Source: Bimodal Height Distribution; Creative Commons: http://en.wikipedia.org/wiki/File:BimodalAnts.png Other graphs created by the author
In this tutorial, you're going to learn about unimodal distributions versus bimodal distributions. Uni means one. Bi means two. Modal means the number of modes each distribution has.
So oftentimes distributions will have a clear peak to their shape. And they won't peak anywhere but just one place on the distribution. So for instance, this distribution has a peak right here. This distribution peaks further to the right. And the next distribution peaks further to the left.

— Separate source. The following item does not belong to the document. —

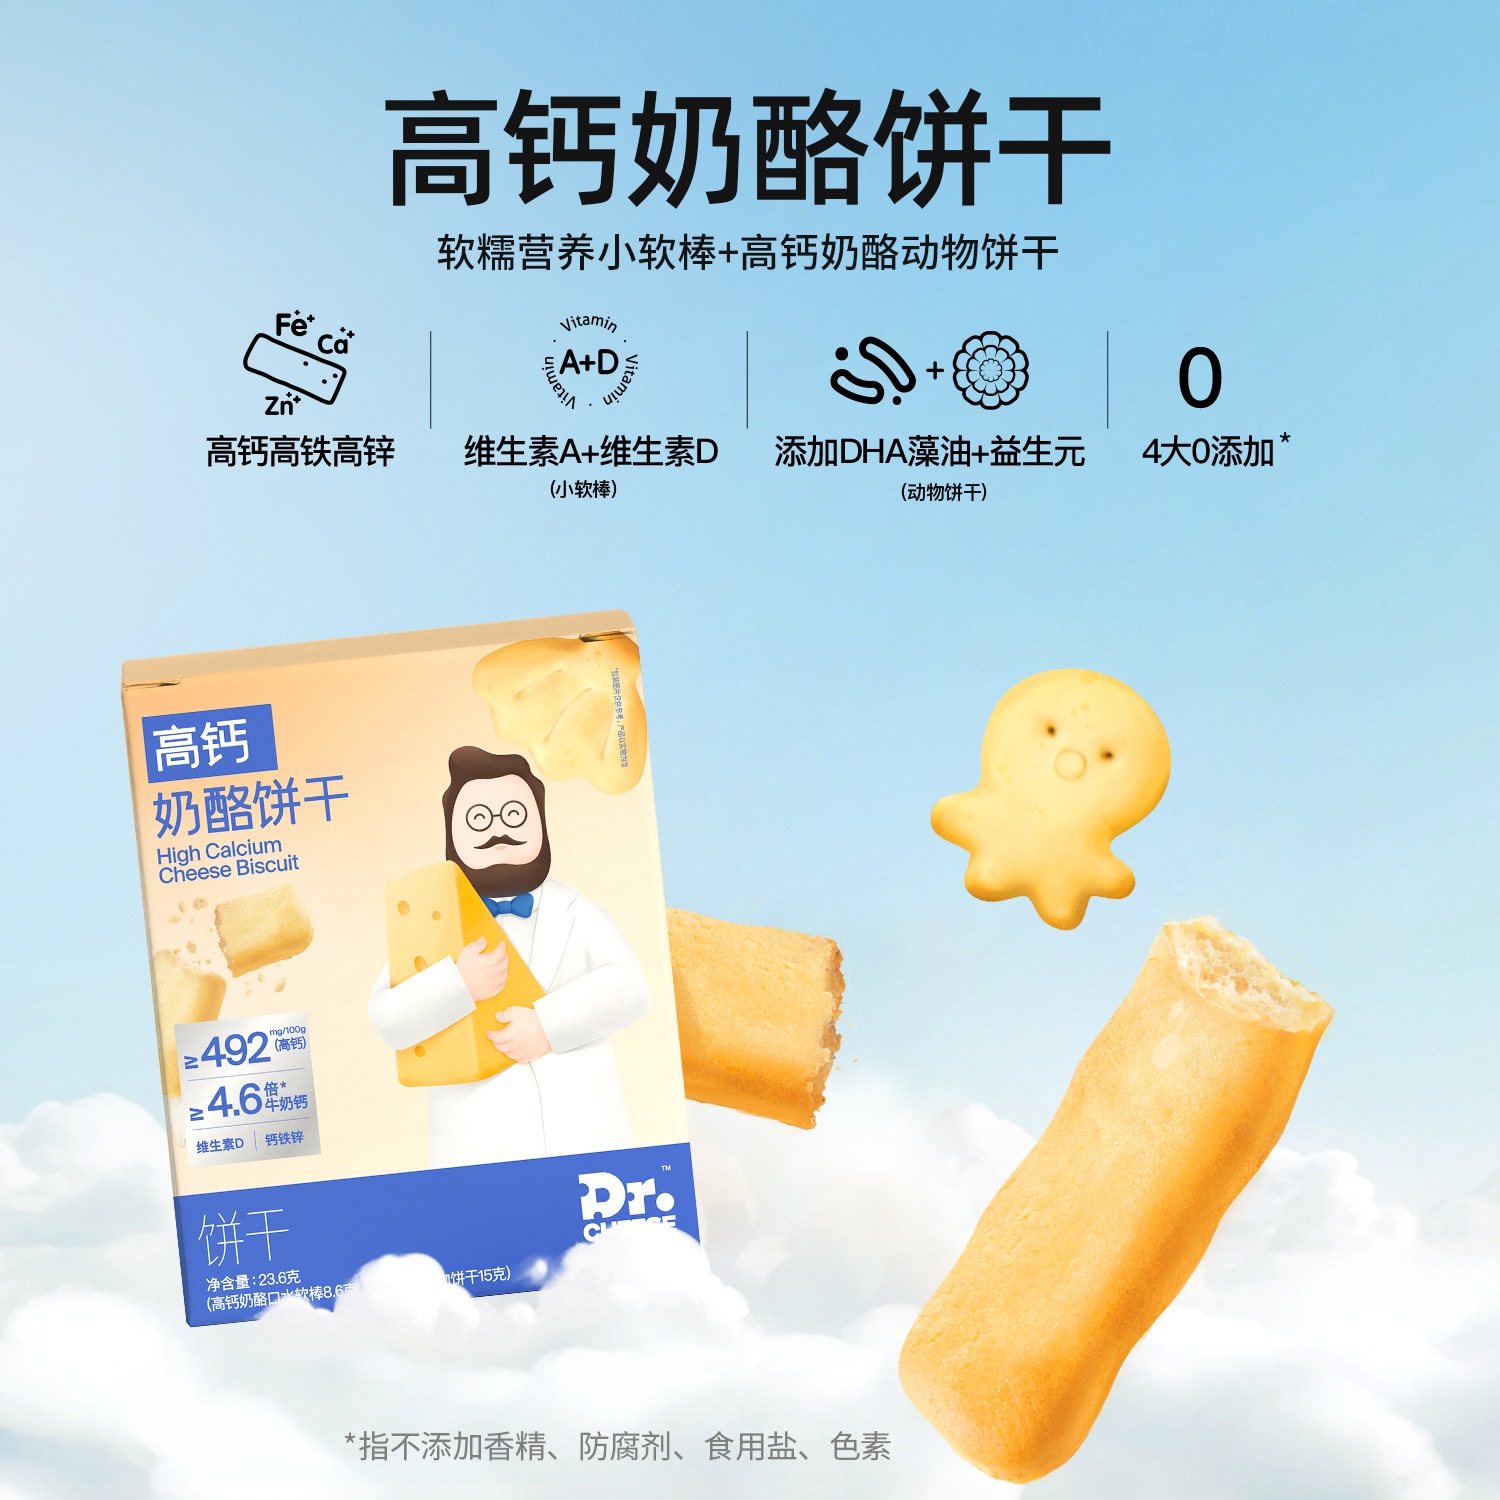 【推荐】奶酪博士高钙奶酪动物饼干宝宝营养零食尝鲜盒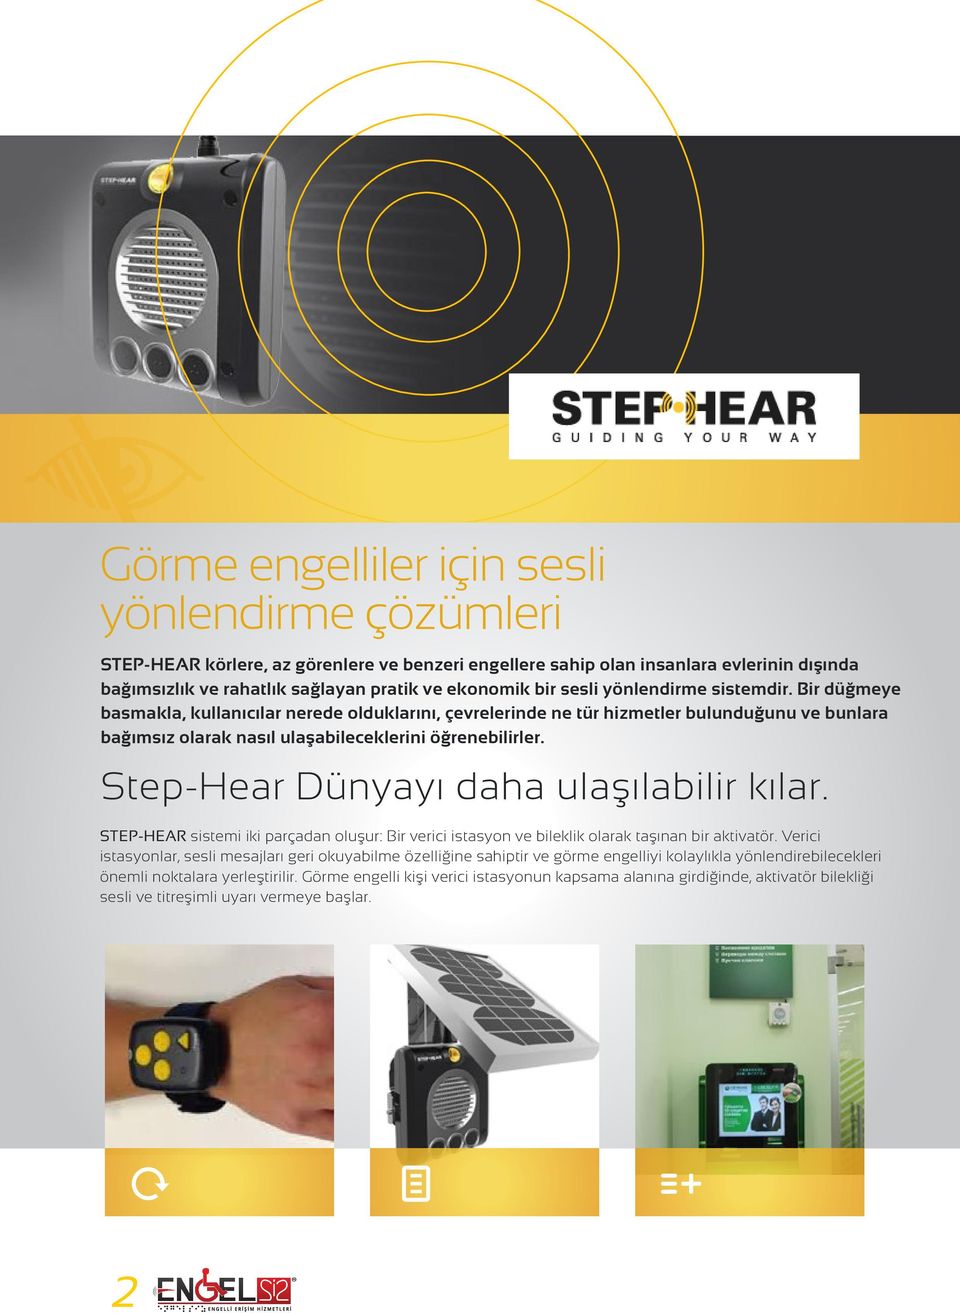 Step-Hear Dünyayı daha ulaşılabilir kılar. STEP-HEAR sistemi iki parçadan oluşur: Bir verici istasyon ve bileklik olarak taşınan bir aktivatör.

But they all have a clear peak. All of these are called a unimodal distributions. And the tallest bar is called the mode. So this is the mode here, this is the mode there, and this is the mode here.
You might, though, have a distribution that will have two distinct regions with lots of data points, and a gap in the middle. When this happens, the two peaks form on the distribution. And those are both called modes. So a distribution like this is called bimodal.
So there's a peak here and another peak over here. Now technically, there's only one bin here that's the mode. It's the tallest one. But these are very tall relative to the others around them.
So they're sort of local modes. And there are two of them. A peak, a gap, and a peak.
Now sometimes you have a distribution that appears bimodal-- one here, and then a gap, and then another one here. It appears to be bimodal, but upon further examination of heights, it's possible that you have to do different distributions that happened to be graphed on the same set of axes.
So there might be some hidden variable that causes the bimodality. And when viewed separately, you end up with two unimodal distributions. They just happened to be graphed on the same set of axes.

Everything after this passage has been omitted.